There are a couple of things that make this noteworthy:

  • Calculation of mid

    If you calculate the midpoint of the array in the more straightforward way (mid = (lo + hi) / 2), then you risk integer overflow when working with fixed sized integers.

  • Use of a single comparison in the loop

    It seems that you should actually test for an exact match on finding the element you are searching for. This is not so. More below.

  • Returning iter[lo] instead of iter[mid]

    It is not necessary to keep track of the last midpoint. When you fall out of the loop, either iter[lo] is the desired value or the value was not found in the array. If it is found, then in an array that has multiple instances of the value, lo is the location of the first occurrence.

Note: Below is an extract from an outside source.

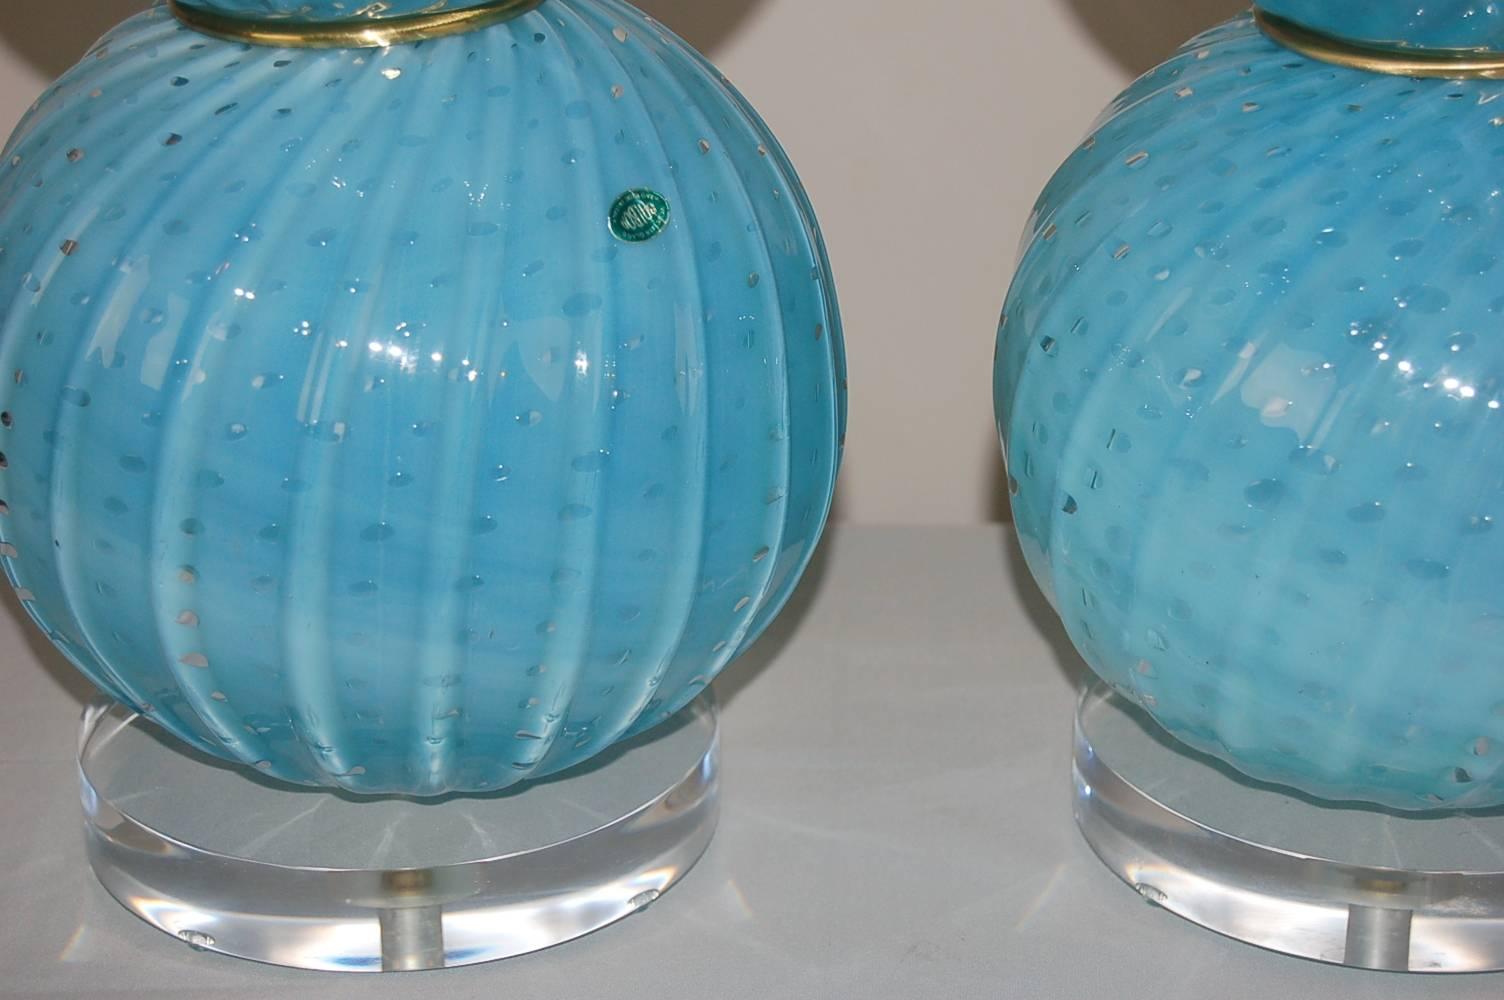 Matched Pair of Vintage Murano Opaline Ball Table Lamps in Blue In Excellent Condition For Sale In Little Rock, AR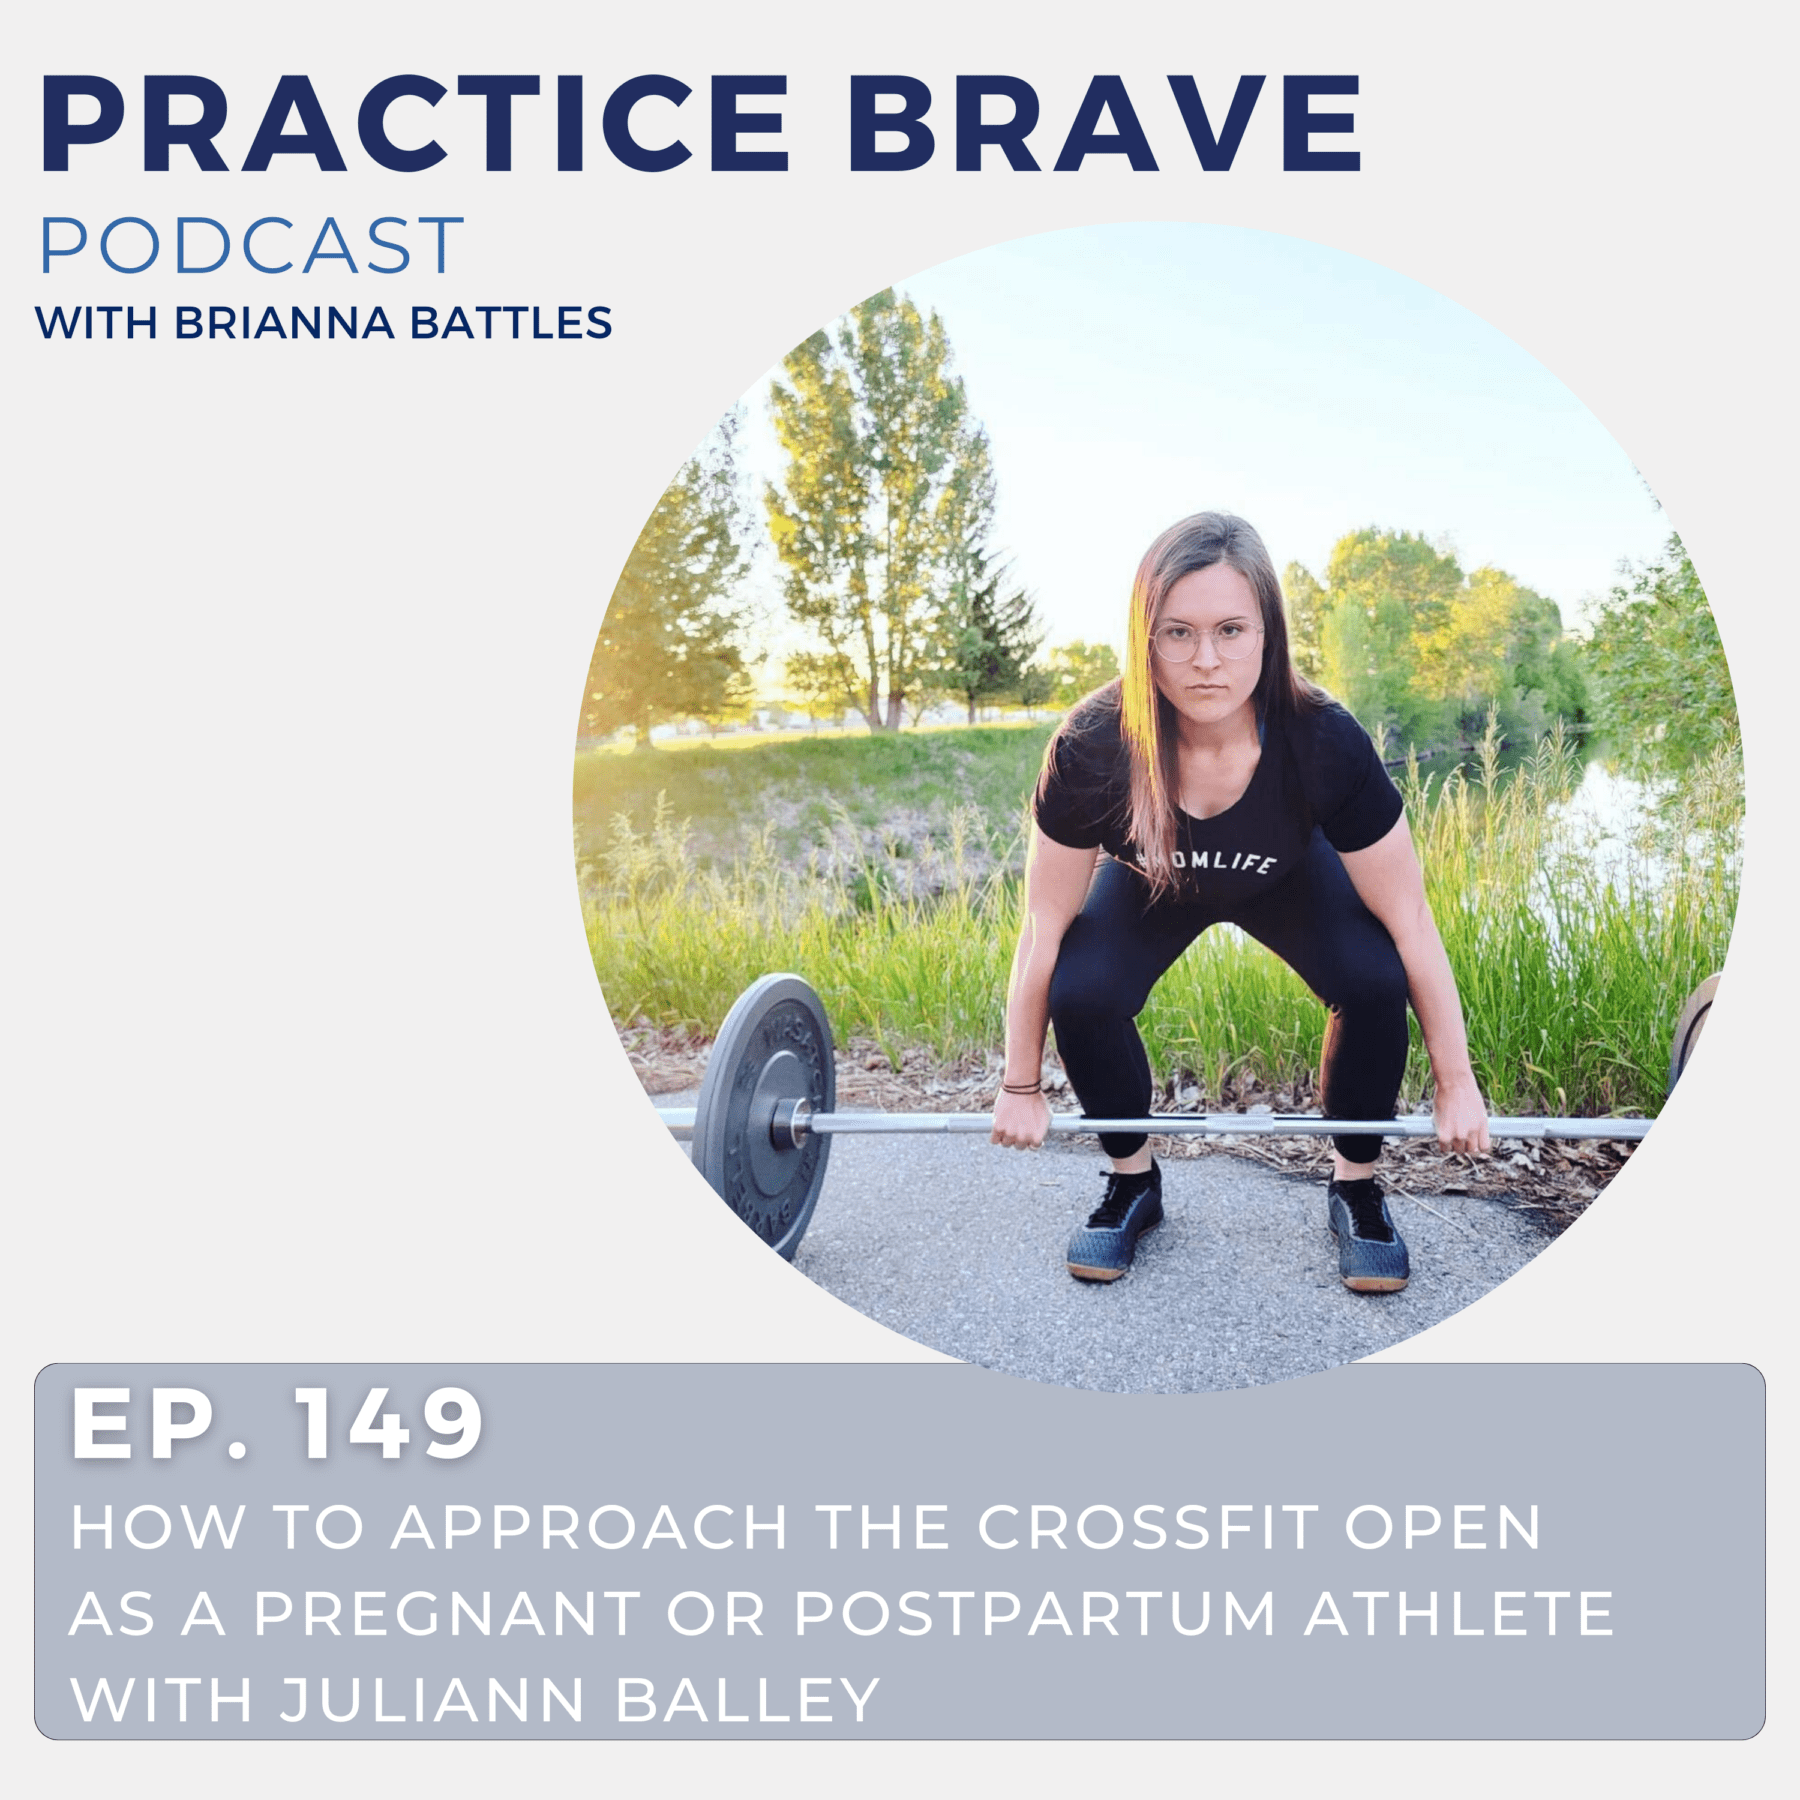 149 - How to Approach the CrossFit Open as a Pregnant or Postpartum Athlete with Juliann Balley - Practice Brave with Brianna Battles

It was on point two that the interview went a bit astray. The interviewer wanted to see code that looked more like this:

def binarysearch(iter, val):
	lo, hi = 0, len(iter)-1
	while lo <= hi:
		mid = lo + (hi - lo) / 2
		if iter[mid] == val :
			return mid
		elif iter[mid] > val:
			hi = mid - 1
		else:
			lo = mid + 1
	return -1

And that's all very well -- it's a correct algorithm -- but it's not as efficient. In my algorithm, there is only one comparison per loop. In the other, there is either one if there is a match or two on a failure. For comparison purposes and to make this concrete, let's imagine we have an array or 63 elements and we look for every element of the array.

Cost of my code

63 nodes searched * 6 comparisons per search
378 comparisons

Cost of other code

1 nodes searched * 1 comparisons = 1
2 nodes searched * 3 comparisons = 6
4 nodes searched * 5 comparisons = 20
8 nodes searched * 7 comparisons = 56
16 nodes searched * 9 comparisons = 144
32 nodes searched * 11 comparisons = 352
579 comparisons

So contrary to the expectations of the interviewer, it is actually more efficient to search to the end of the array every time using fewer comparisons than to search less of the array with more comparisons.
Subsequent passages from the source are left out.